17 ottobre 2012 in Italia dei Valori, Politica

Esiste un’unica via d’uscita da questo pantano in cui si è andata ad affossare la politica: selezionare una classe dirigente al di sopra di ogni sospetto. Questo vale per tutti, per chi ricopre incarichi di partito e, ancora di più, per chi riveste ruoli istituzionali. Ormai agli occhi dei cittadini siamo tutti uguali e questa cosa non mi va giù. Anche se capisco questo diffuso stato di malessere, perché, ahimè, se ne sentono talmente tante che la macchia di fango che ci ha investito è talmente grande che è difficile spiegare che non siamo tutti uguali. C’è un livello di corruzione e malaffare tale e talmente sottile da infiltrarsi ovunque e creare questa sorta di cappa appiccicosa che sta devastando tutto il Paese. 

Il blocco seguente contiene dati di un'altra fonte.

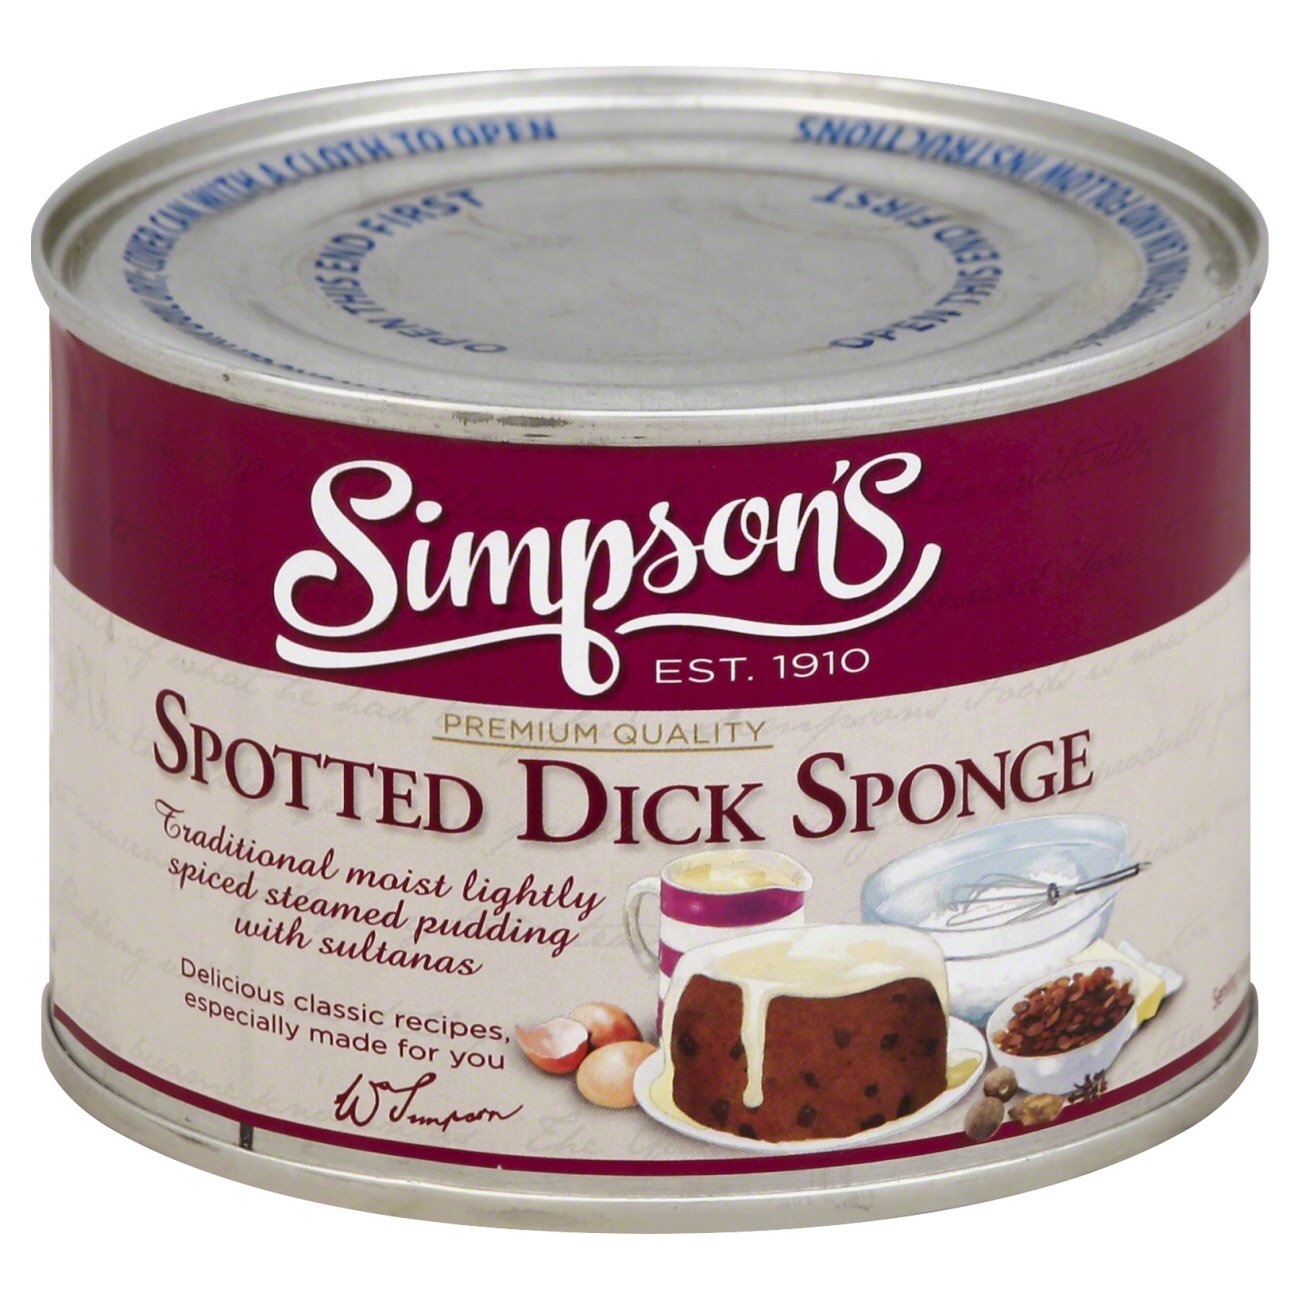 Simpsons Spotted Dick Sponge Shop Cakes At H E B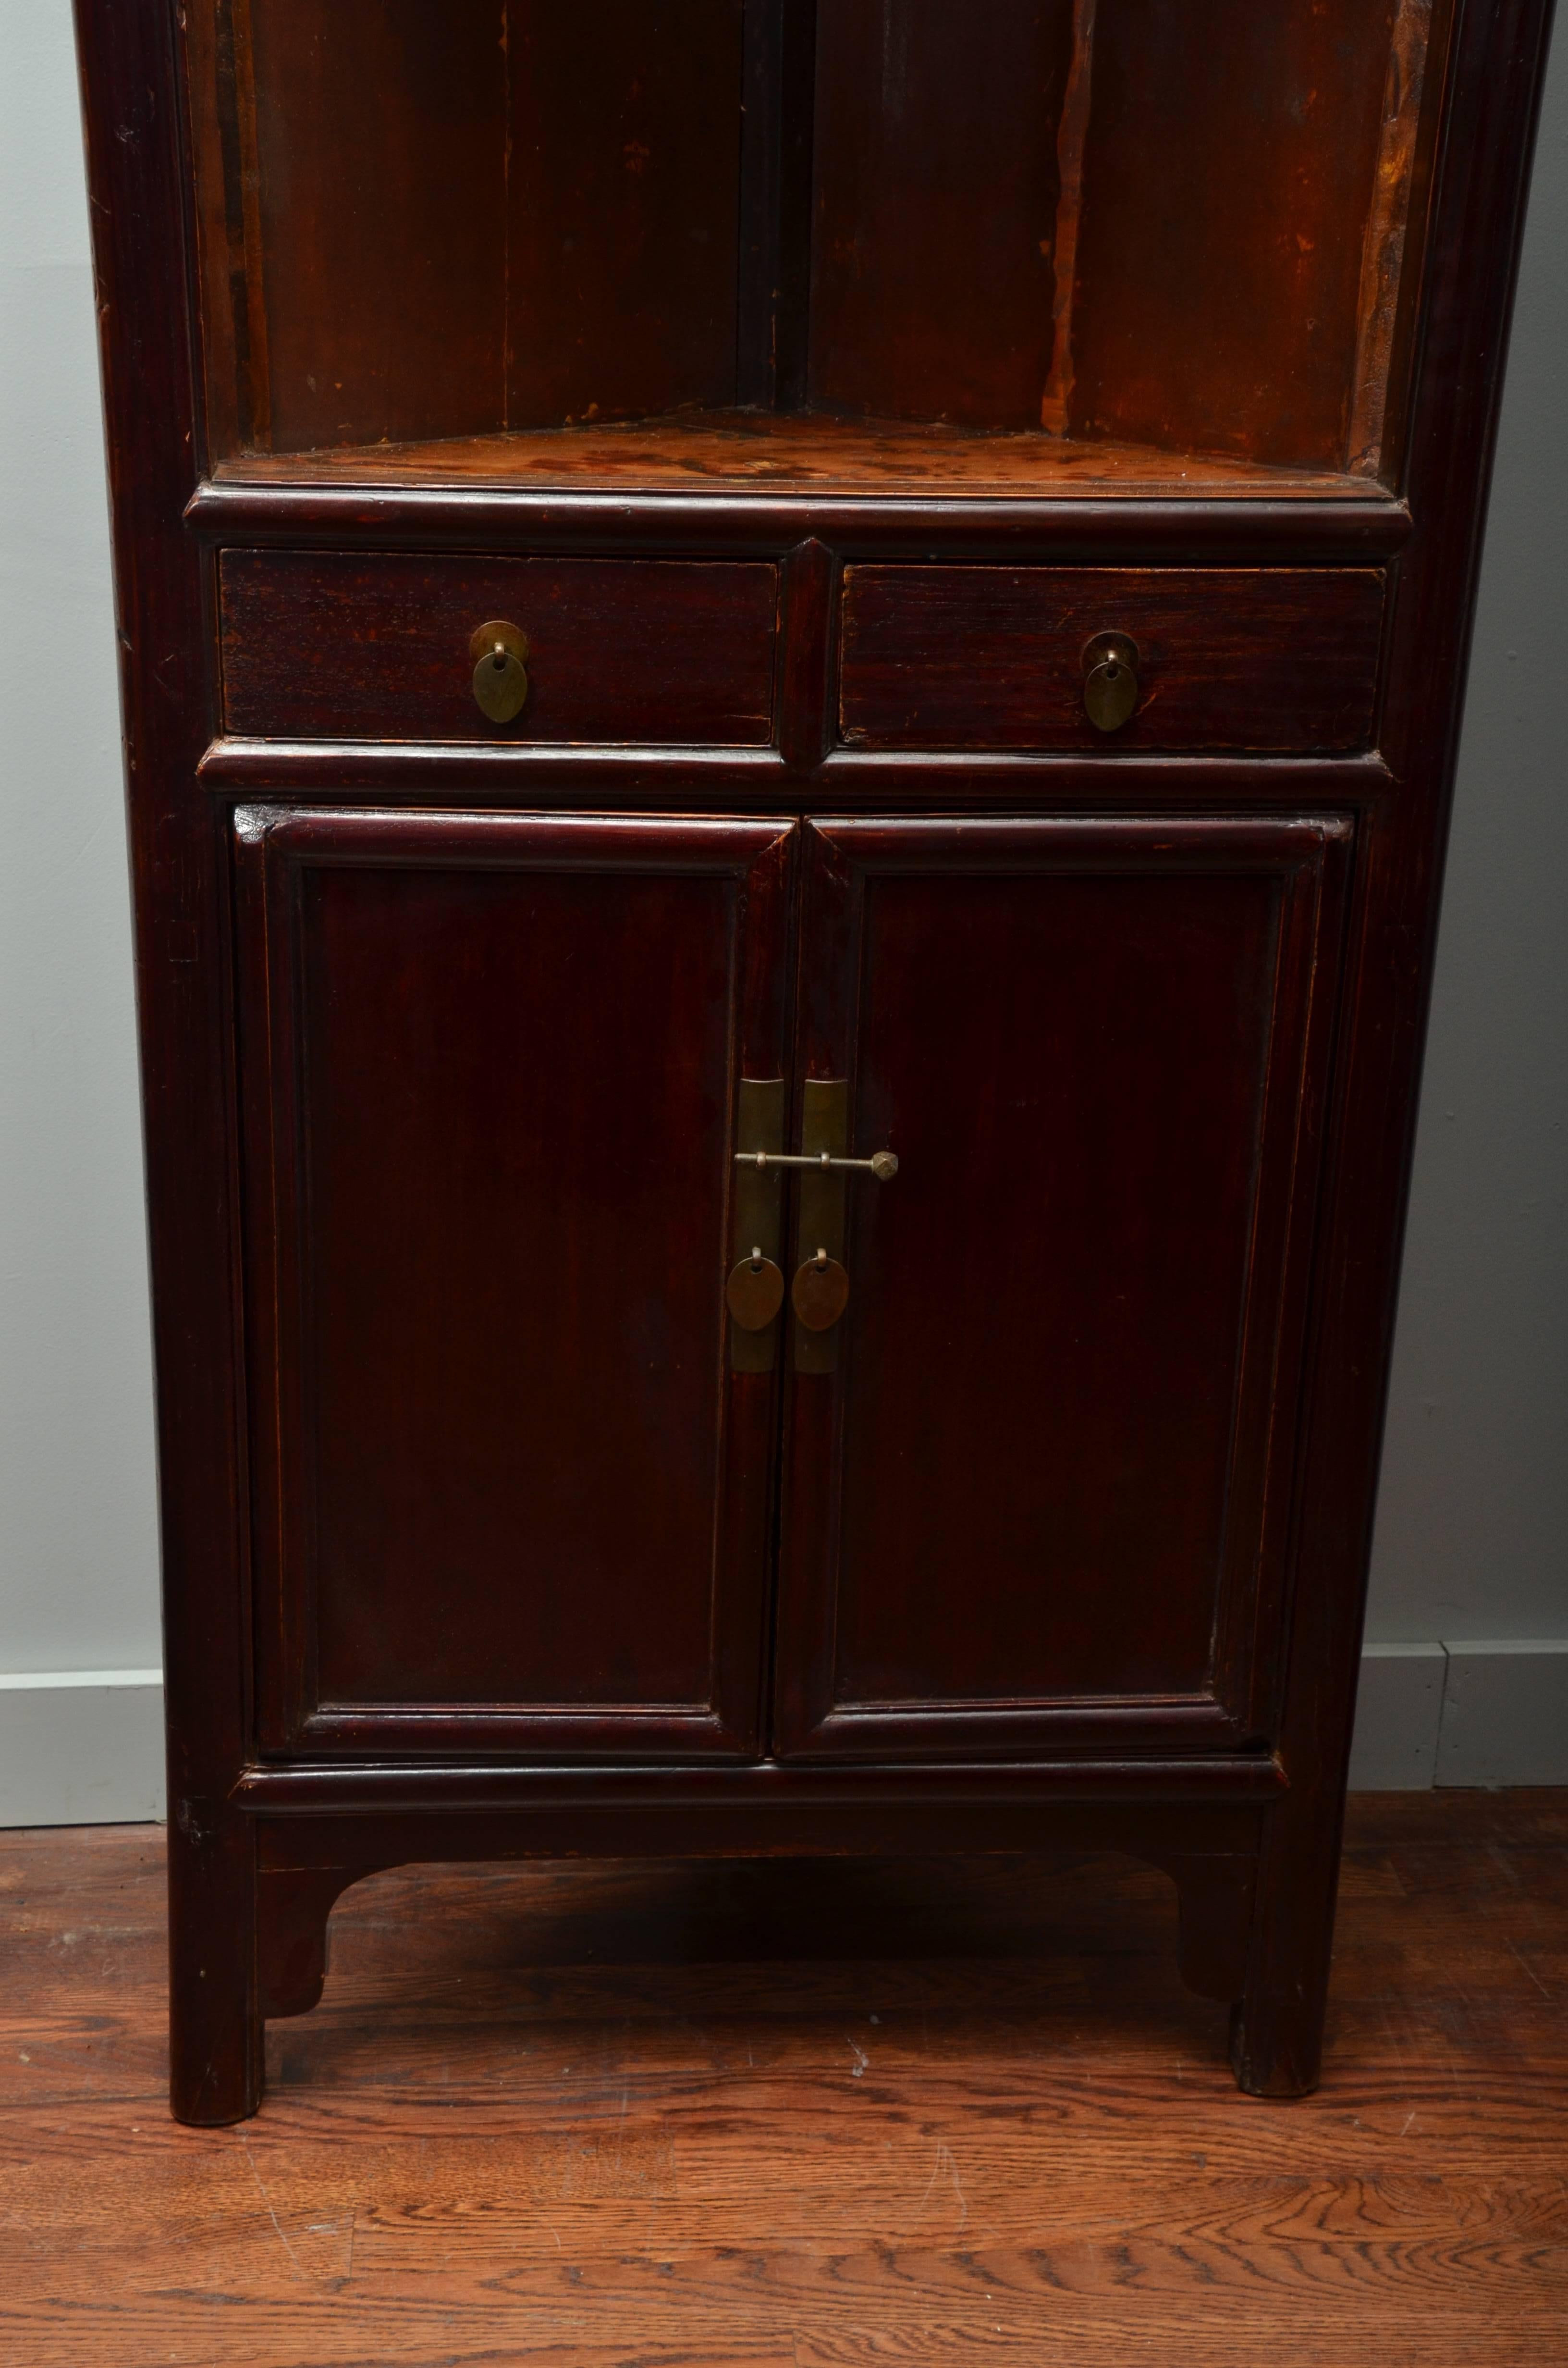 Mid-19th century Qing dynasty Jiangsu lacquered corner cabinet (one available )

Dobbiamo fermarci, subito. Non è più accettabile che in Parlamento e nelle Giunte locali siedano persone condannate, corrotte, rinviate a giudizio, sottoposte a condanna della Corte dei Conti. Non è pensabile che le stesse persone vengano ricandidate per scappare dalla giustizia. Ecco la cosa agghiacciante è che la politica viene usata per scappare dalle aule giudiziarie, quando, invece, dovrebbe servire per essere a servizio esclusivo dei cittadini. Come non è più tollerabile che nei partiti bazzichino persone indagate. Se tali sono, devono dimettersi subito e dimostrare la loro innocenza da privati cittadini, perché la legge è uguale per tutti

Vogliamo, voglio, che si torni alla buona politica. Questa è una richiesta indignata dei cittadini e un appello accorato di chi si sa di essere un politico onesto e non ce la fa più ad essere etichettato come “uno dei tanti”. Lo dico a tutti i partiti, lo pretendo dal mio. Bisogna fare pulizia a 360 gradi.  Alle prossime elezioni politiche dobbiamo candidare solo persone pulite, la cui selezione deve passare attraverso il vaglio del partito ma anche degli italiani. Oltre agli organi di partito, gli strumenti ci sono. La Rete, da questo punto di vista, gioca un grande ruolo di controllo sociale e partecipazione democratica. La storia dei candidati deve essere passata al setaccio e nota prima dell’elezione e non dopo. Questo vorrei che avvenisse in ogni partito. Lo ripeto, però: dall’Italia dei Valori lo pretendo. Così come voglio avere come compagni di viaggio solo ed esclusivamente  persone competenti e capaci. La meritocrazia, la professionalità  devono essere la nostra stella polare, perché la buona politica è fatta da gente che ha tre elementari requisiti: onestà, competenza e passione.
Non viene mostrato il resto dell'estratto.